Introduction: Age remains the most powerful risk factor for the development of cardiovascular disease and is associated with impaired cardiac repair after myocardial infarction (MI). Sirtuin 6 (SIRT6) is an epigenetic regulator and member of the sirtuin family of NAD+ dependent deacetylases with anti-aging functions. However, its role in MI is unknown.
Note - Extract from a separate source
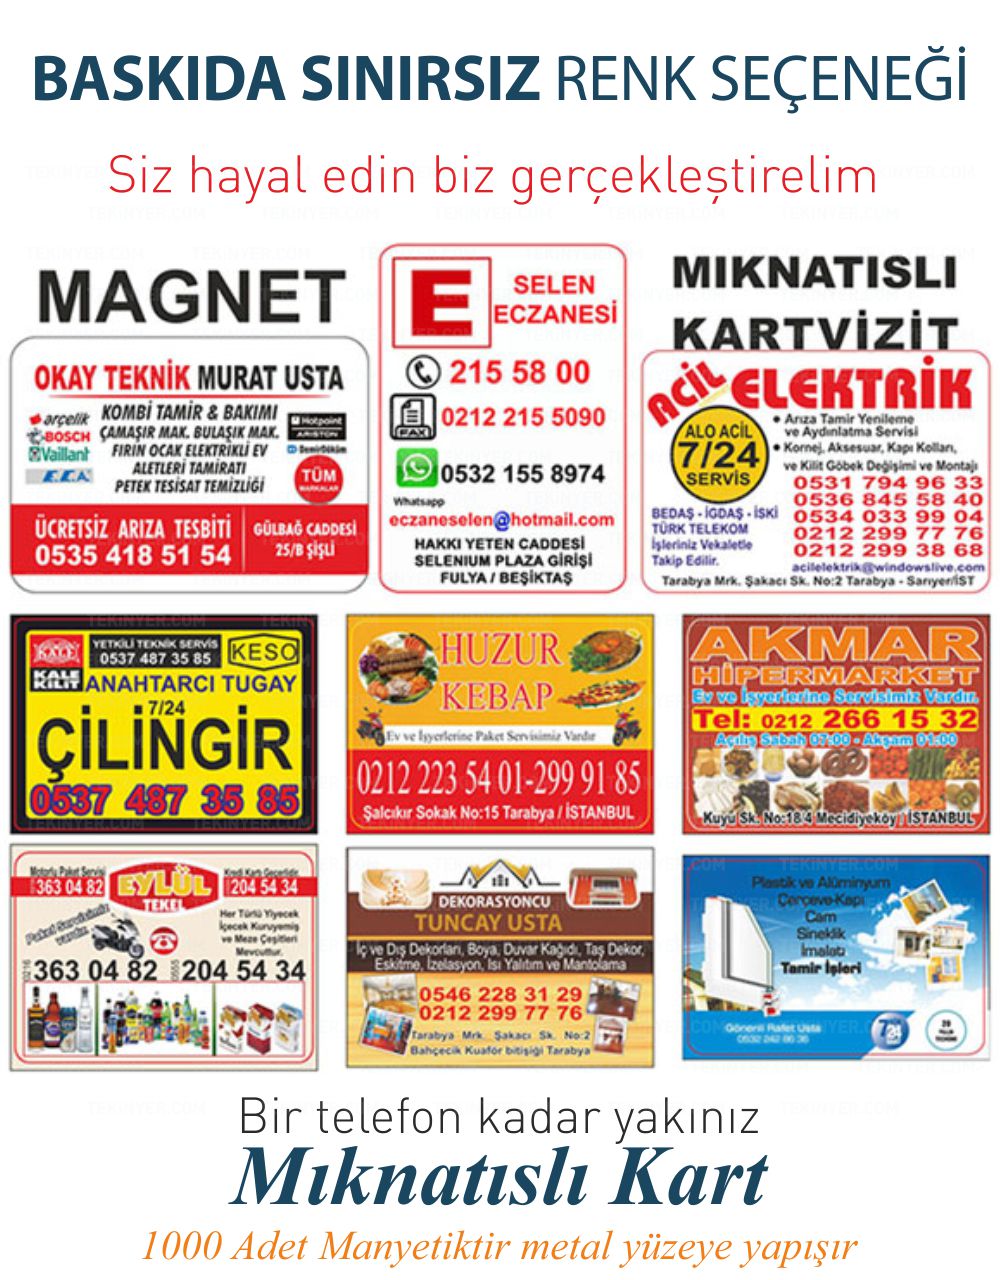 Beşiktaş Magnet Sınırsız Renk Baskı Seçeneği

Methods and Results: First, to determine the role of SIRT6 in MI, we subjected Balb/c mice to LAD ligation. Significantly, 4 days after MI, SIRT6 was up-regulated in the ischemic myocardium compared with sham-operated animals. To further evaluate SIRT6 role in cardiac repair, we induced MI in 12-week old SIRT6 knock-out male mice and wild-type controls. Significantly, all SIRT6-deficient mice (5 of 5) died after MI, compared with 1 of 5 controls (p=0.04). We next induced MI in SIRT6 over-expressing (OE) and wild-type male mice (n=7-8 mice per group). Notably, 30 days after MI, SIRT6 OE mice displayed greater ejection fraction (43.82±4.2 vs. 31.26±4.17%, p=0.05), and reduced left ventricular mass (119.3±9.0 vs. 149.2±18.2 gr, p=0.12) compared with controls. Next, to determine the role of SIRT6 in macrophage polarization and function, we harvested peritoneal macrophages from SIRT6 OE and wild-type mice and incubated them in a hypoxic chamber. Flow-cytometry revealed a significant increase in reparative M2/M1 ratio in SIRT6 OE hypoxic macrophages with reduction in expression of matrix metalloproteinases.
Conclusions: We show, for the first time, that the epigenetic regulator SIRT6 is highly expressed in the ischemic myocardium and is essential for cardiac protection after MI. Furthermore, SIRT6 over-expression improves cardiac function and remodeling after MI in male mice. These beneficial effects may be partially attributed to the role of SIRT6 in shifting macrophage polarization toward an anti-inflammatory reparative phenotype. Our findings suggest that targeting SIRT6 in macrophages may be a novel therapeutic strategy to improve outcome after MI.